Mul8 is lowered to MULW, but the rules for constant
folding do not handle the fact that the operands
are int8.

Change-Id: I2c336686d86249393a8079a471c6ff74e6228f3d
Reviewed-on: https://go-review.googlesource.com/13642
Reviewed-by: Keith Randall <khr@golang.org>
---
 src/cmd/compile/internal/gc/ssa.go           |  4 +-
 src/cmd/compile/internal/ssa/gen/AMD64.rules |  8 +--
 src/cmd/compile/internal/ssa/gen/AMD64Ops.go |  2 +
 src/cmd/compile/internal/ssa/opGen.go        | 27 ++++++++
 src/cmd/compile/internal/ssa/rewriteAMD64.go | 69 ++++++++++++++++++--
 5 files changed, 100 insertions(+), 10 deletions(-)

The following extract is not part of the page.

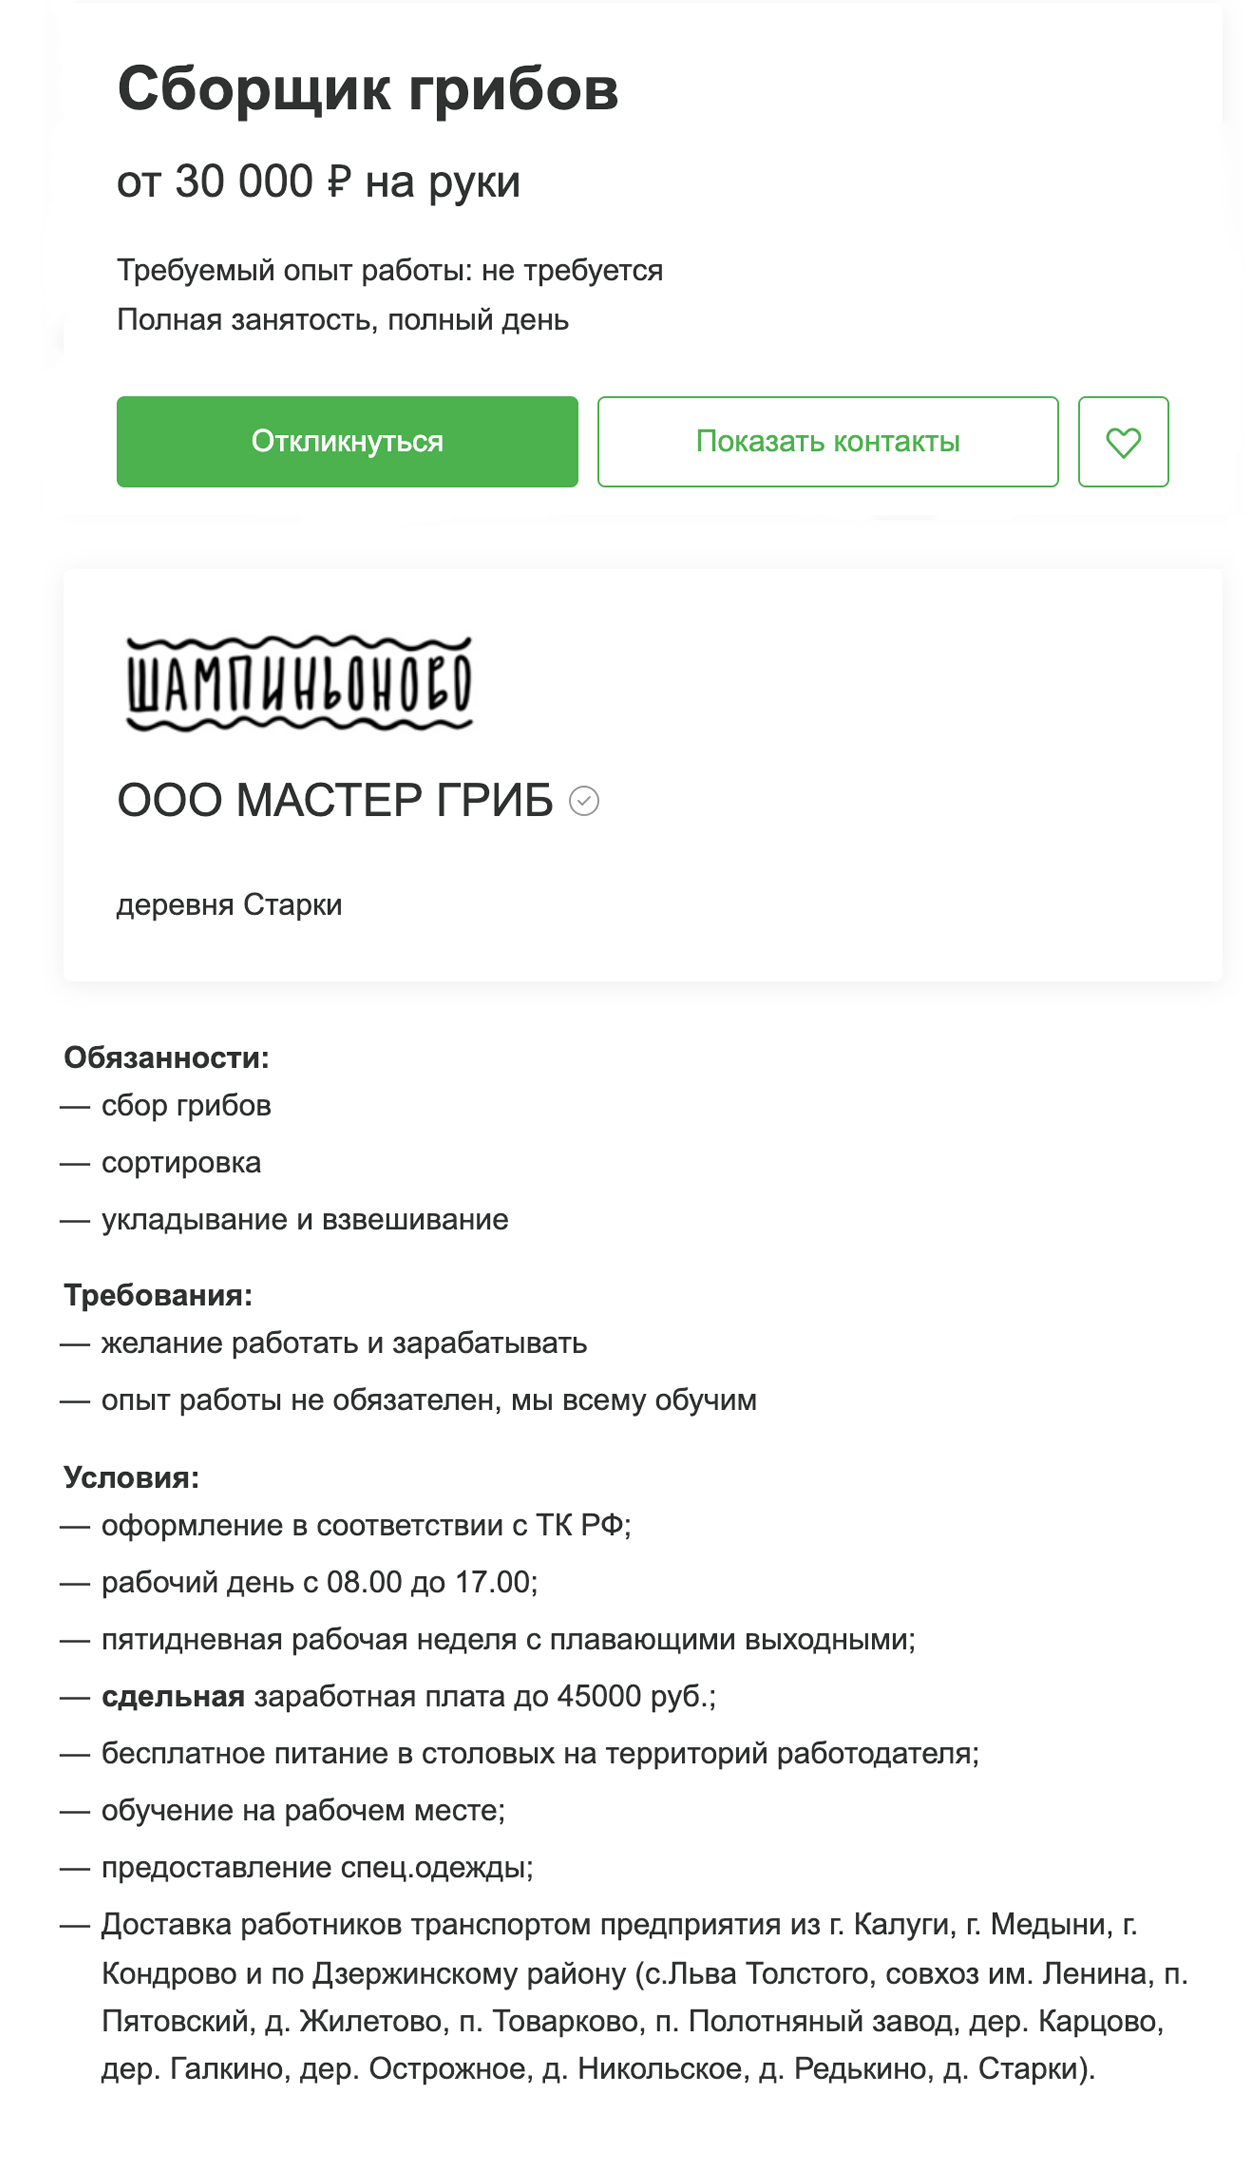 В России за похожую работу — сбор грибов — предлагают от 30 000 ₽ за месяц работы. При этом смены длятся 9 часов. Источник: hh.ru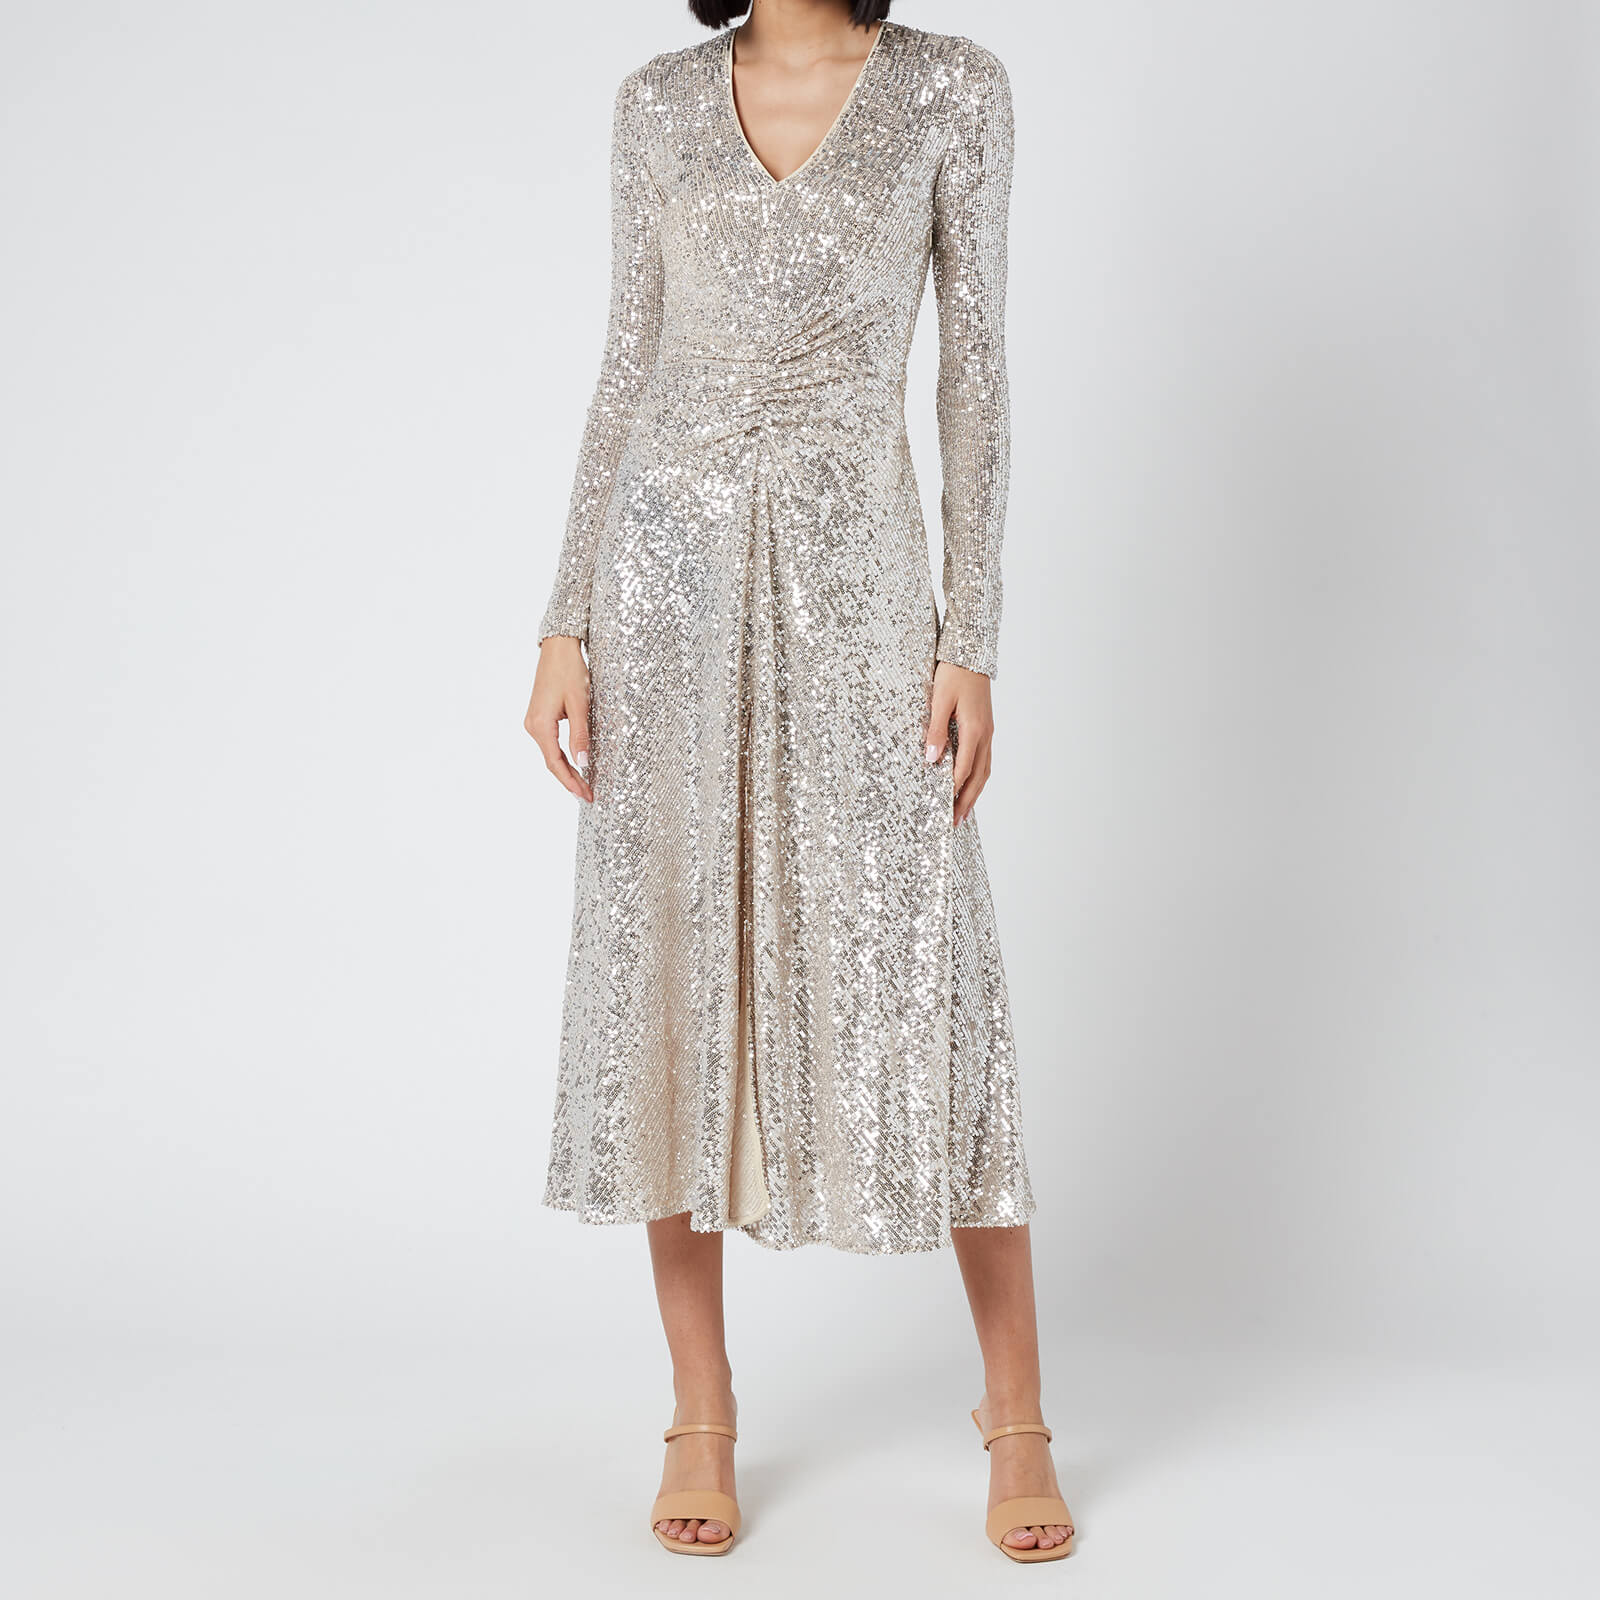 ROTATE Birger Christensen Women's Sierra Dress - Silver - DK 36/UK 10

diff --git a/src/cmd/compile/internal/gc/ssa.go b/src/cmd/compile/internal/gc/ssa.go
index 882efc0dae..ef6ca692a4 100644
--- a/src/cmd/compile/internal/gc/ssa.go
+++ b/src/cmd/compile/internal/gc/ssa.go
@@ -1909,7 +1909,7 @@ func genValue(v *ssa.Value) {
 		ssa.OpAMD64ANDQ, ssa.OpAMD64ANDL, ssa.OpAMD64ANDW, ssa.OpAMD64ANDB,
 		ssa.OpAMD64ORQ, ssa.OpAMD64ORL, ssa.OpAMD64ORW, ssa.OpAMD64ORB,
 		ssa.OpAMD64XORQ, ssa.OpAMD64XORL, ssa.OpAMD64XORW, ssa.OpAMD64XORB,
-		ssa.OpAMD64MULQ, ssa.OpAMD64MULL, ssa.OpAMD64MULW:
+		ssa.OpAMD64MULQ, ssa.OpAMD64MULL, ssa.OpAMD64MULW, ssa.OpAMD64MULB:
 		r := regnum(v)
 		x := regnum(v.Args[0])
 		y := regnum(v.Args[1])
@@ -1996,7 +1996,7 @@ func genValue(v *ssa.Value) {
 		p.From.Offset = v.AuxInt
 		p.To.Type = obj.TYPE_REG
 		p.To.Reg = regnum(v)
-	case ssa.OpAMD64MULQconst, ssa.OpAMD64MULLconst, ssa.OpAMD64MULWconst:
+	case ssa.OpAMD64MULQconst, ssa.OpAMD64MULLconst, ssa.OpAMD64MULWconst, ssa.OpAMD64MULBconst:
 		r := regnum(v)
 		x := regnum(v.Args[0])
 		if r != x {
diff --git a/src/cmd/compile/internal/ssa/gen/AMD64.rules b/src/cmd/compile/internal/ssa/gen/AMD64.rules
index a53f2ca388..00a321ad3b 100644
--- a/src/cmd/compile/internal/ssa/gen/AMD64.rules
+++ b/src/cmd/compile/internal/ssa/gen/AMD64.rules
@@ -25,10 +25,7 @@
 (MulPtr x y) -> (MULQ x y)
 (Mul32 x y) -> (MULL x y)
 (Mul16 x y) -> (MULW x y)
-// Note: we use 16-bit multiply instructions for 8-bit multiplies because
-// the 16-bit multiply instructions are more forgiving (they operate on
-// any register instead of just AX/DX).
-(Mul8 x y) -> (MULW x y)
+(Mul8 x y) -> (MULB x y)
 
 (And64 x y) -> (ANDQ x y)
 (And32 x y) -> (ANDL x y)
@@ -294,6 +291,8 @@
 (MULL (MOVLconst [c]) x) -> (MULLconst [c] x)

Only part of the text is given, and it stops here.